From the perspective of Relay’s type system, an operator is a function, so operators may be called like any other function and have function types. In particular, operator types are registered using a single type relation (see the documentation on type relations), typically a relation specialized to that operator. For example, the add operator is registered with the Broadcast relation, indicating that the arguments of add must be tensors and that the return type is a tensor whose shape depends on those of its arguments.

Operators are rendered without a sigil (e.g conv2d, flatten) when pretty-printing Relay programs. Operators are explicitly contained in the program and are uniquely identifiable by pointer.

Note that common arithmetic operators such as add and multiply may be written using the corresponding arithmetic operators in the text format (e.g., + or *) as syntactic sugar.

See Op for the definition and documentation of operator nodes, demonstrating the infrastructure for registering operator metadata.

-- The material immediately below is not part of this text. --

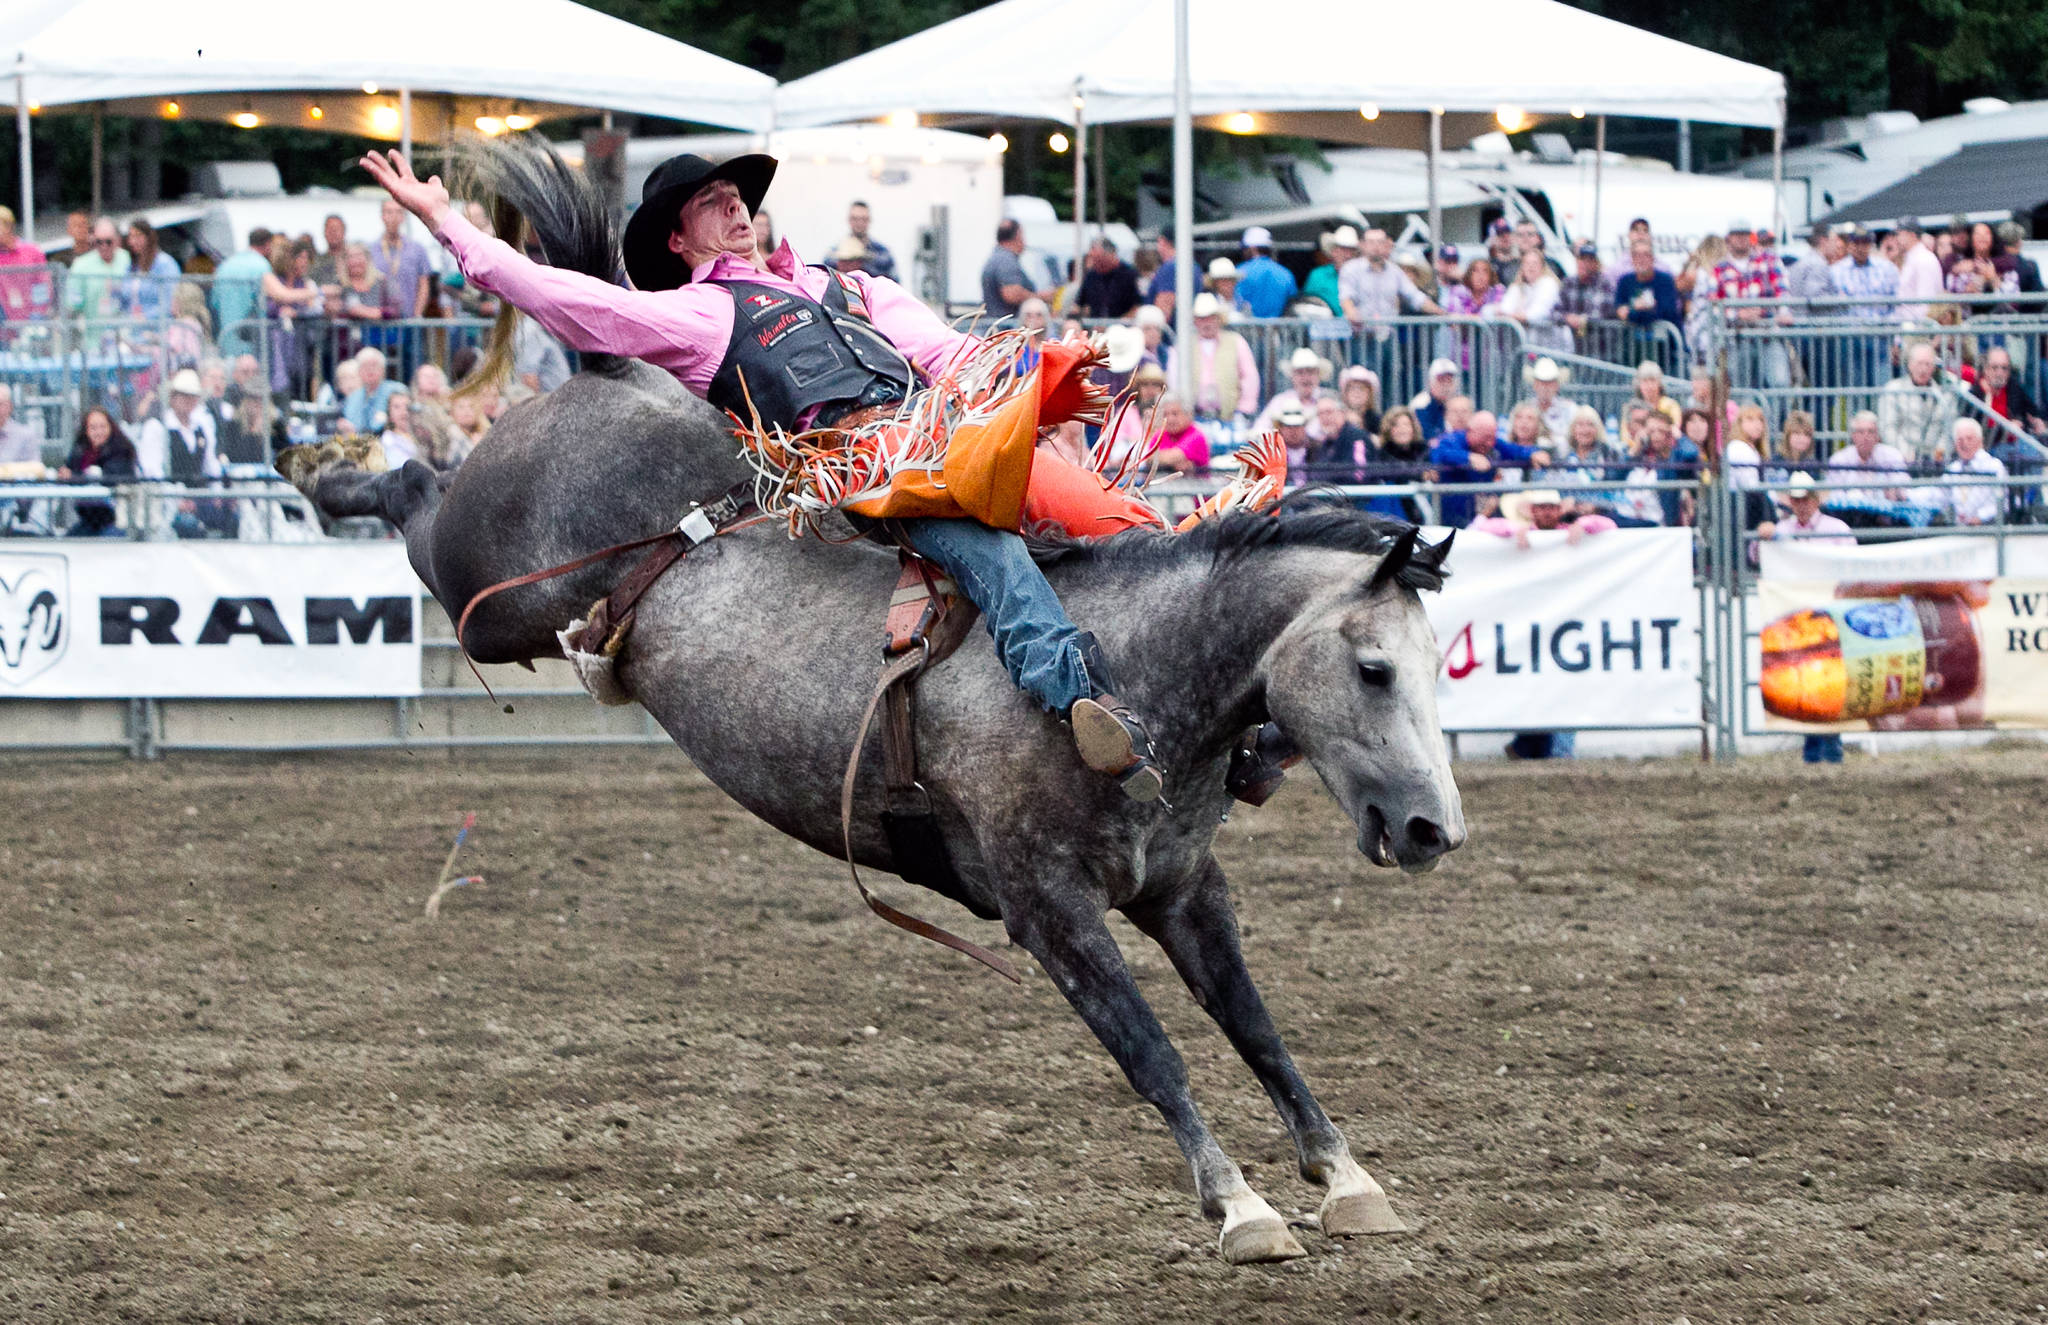 The rodeo will be a highlight of this year’s Kitsap Fair and Stampede. PRCA ProRodeo photo by Kent Soule.
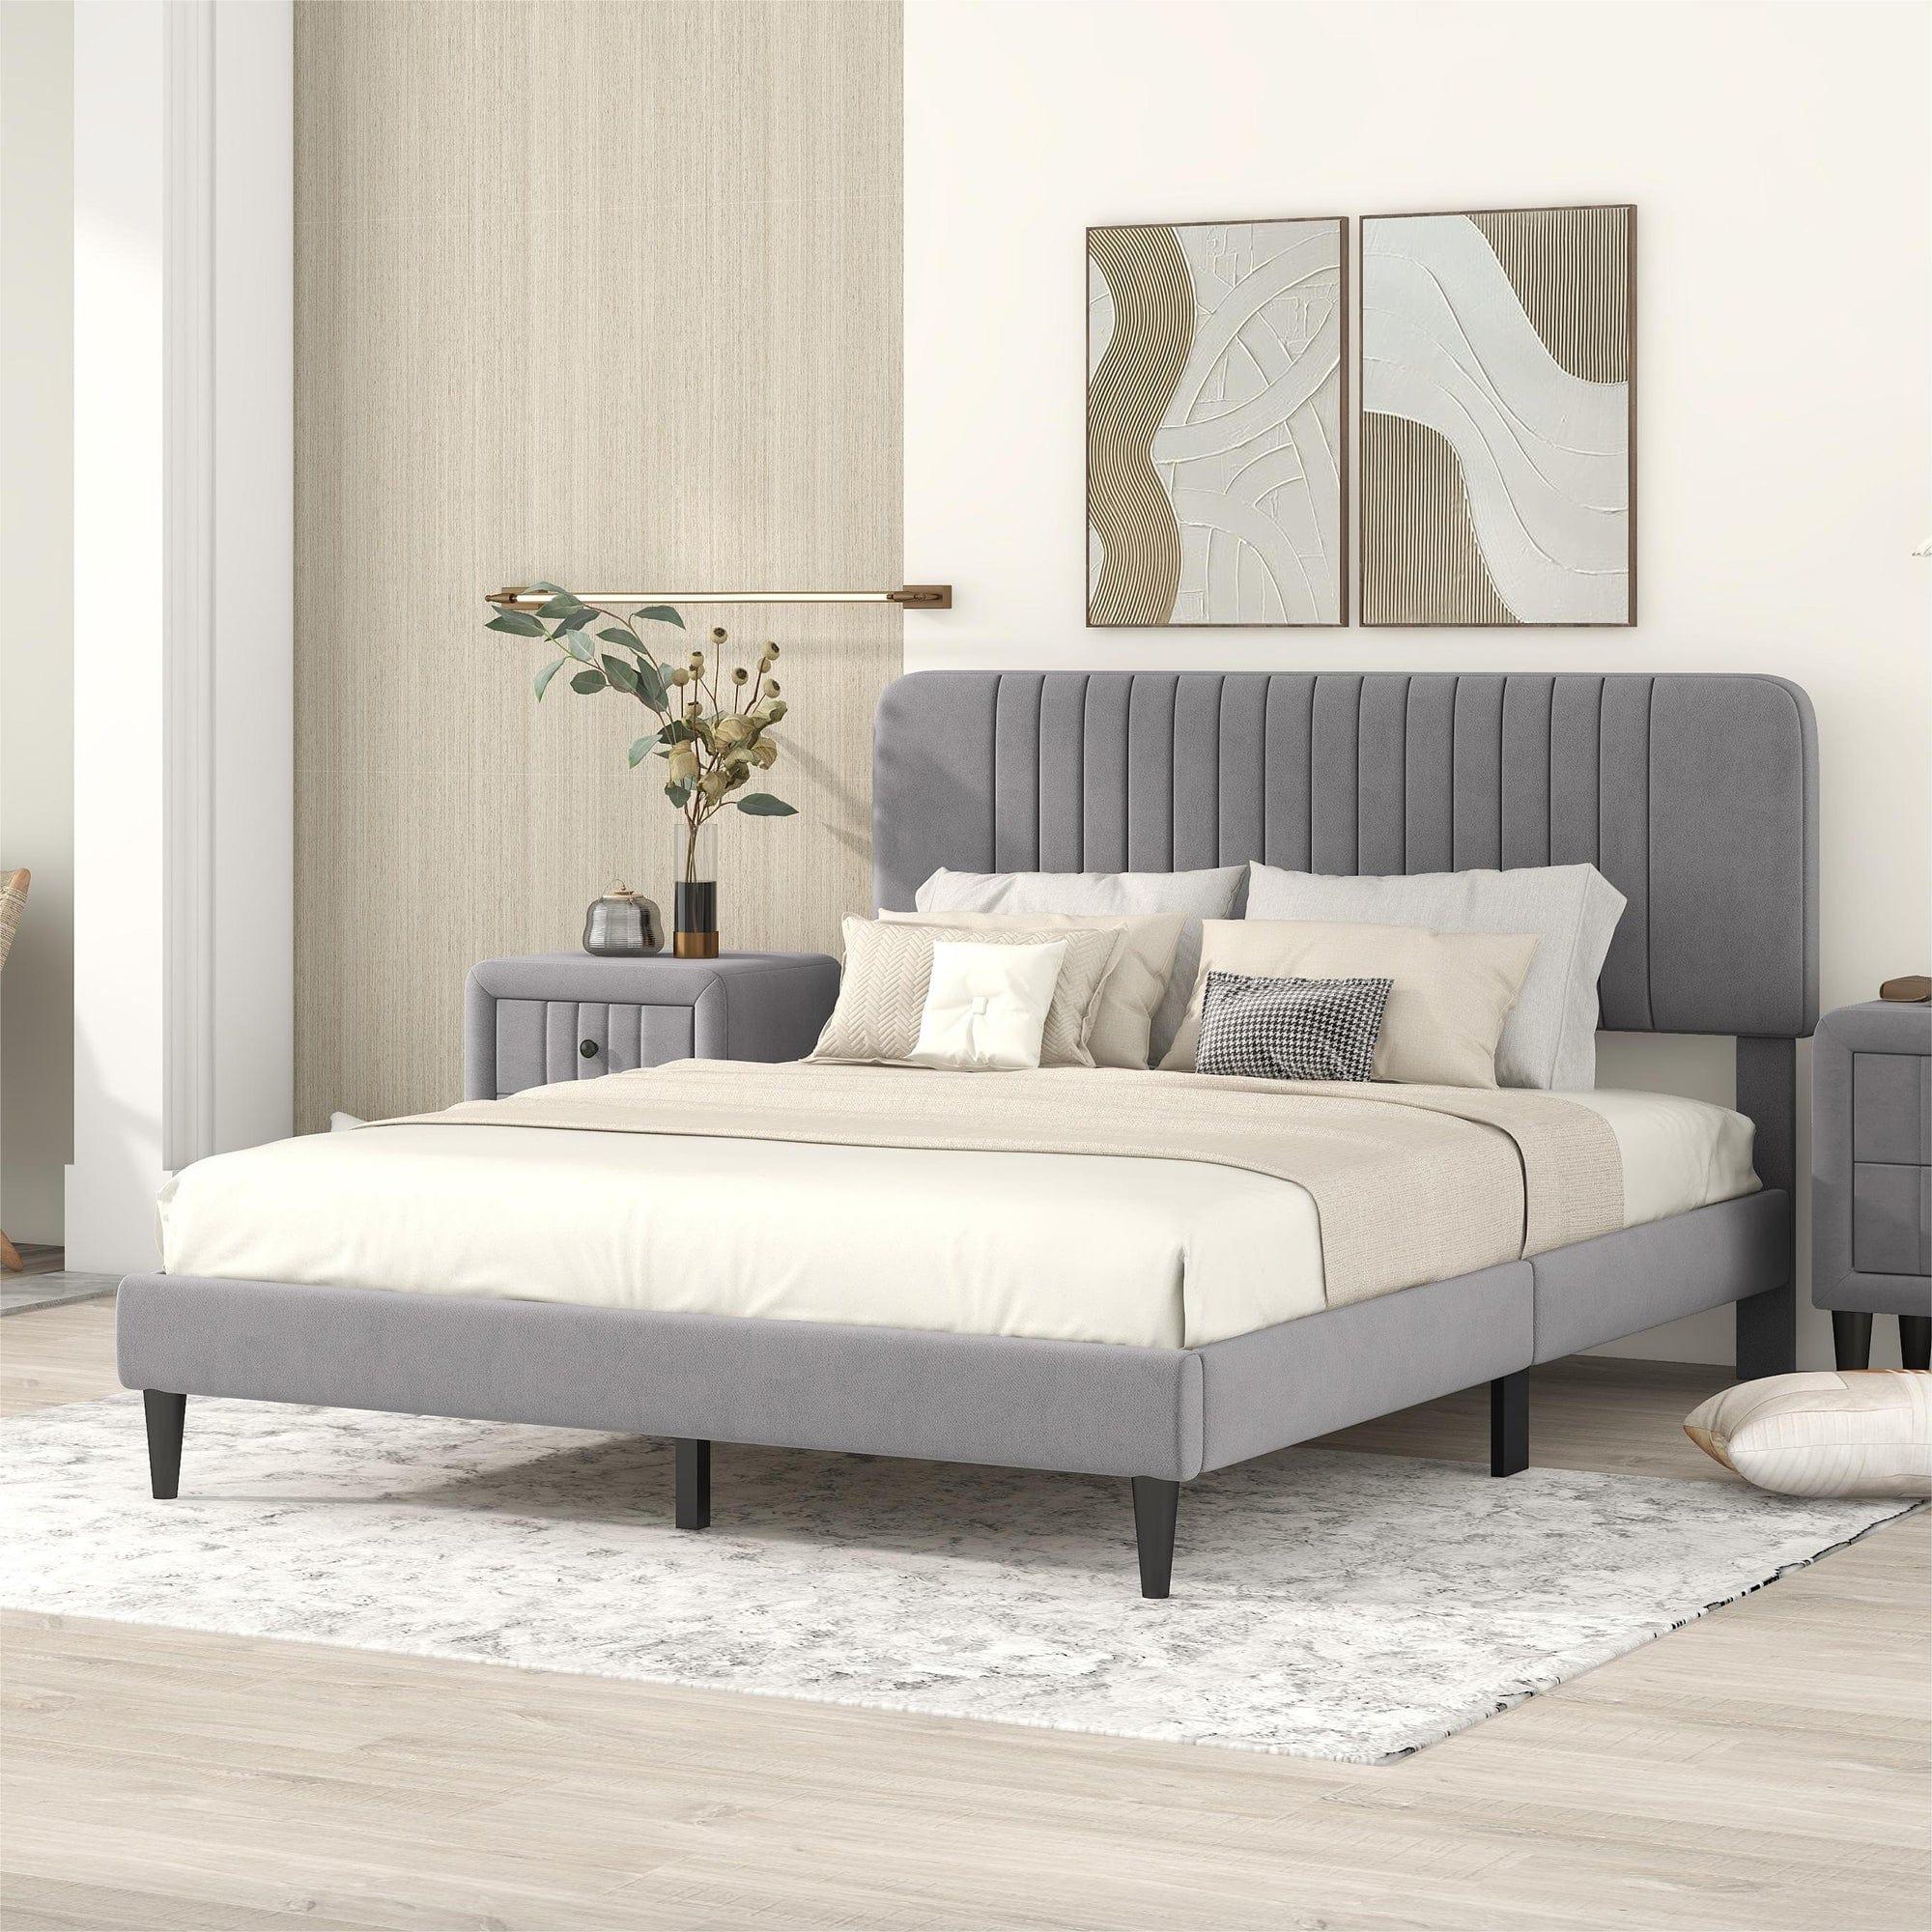 Shop Queen Size Upholstered Platform Bed,No Box Spring Needed, Velvet Fabric,Gray Mademoiselle Home Decor

The other files in op give handles for generating a call to various pre-registered operators. The tutorial on adding operators to Relay shows how to add further operators into the language.

ADT Constructors

Algebraic data types (ADTs) in Relay are described in detail in a separate overview and their integration into the type system is described here.

In this section, we will simply note that ADT constructors are given a function type and should be used inside call nodes like a function or operator. An ADT constructor is defined by giving the name of the ADT it constructs (a global type variable) and the types of the expected arguments for the constructor.

If the ADT definition includes type variables, those type variables may appear in the constructor. Constructors cannot include any other type variables.

Let us suppose that D is an ADT that takes type parameters a and b. If C1 is a constructor for D and expects two arguments, one of type a and one of type b, then C1 has the following type signature: fun<a, b>(a, b) -> D[a, b]. (See either the ADT overview or the discussion of ADT typing for an explanation of the type call in the return type.) If another constructor for D, C2, takes no arguments, then it has the following type signature: fun<a, b>() -> D[a, b]; the type parameters will always appear in the return type.

Once called, a constructor produces an ADT instance, which is a container that stores the values of the arguments to the constructor as well as the name (“tag”) of the constructor. The tag will be used for deconstructing the instances and retrieving the values when ADT Matching.

See Constructor for the definition and documentation.


Expressions with function types in Relay are “callable,” meaning that they can be invoked via a function call. These consist of any expression that evaluates to a closure (i.e., function expressions or global functions) and Relay operators.

The syntax of calls follows that used in C-like languages, demonstrated in the example below:

let %c = 1;
let %f = fn(%x : Tensor[(), float32], %y : Tensor[(), float32]) { %x + %y + %c };
%f(10, 11)

When a closure is called (see Closures), the closure’s body is evaluated in the stored environment (i.e., using the stored values for free variables) with local variable bindings added for each argument; the final value obtained by evaluating the body is the call’s return value. Thus, in the above example, the call evaluates to 22. In the case of operators, the implementation is opaque to Relay, so the result is left up to the registered TVM implementation.

Note: type parameters are not yet supported in the text format.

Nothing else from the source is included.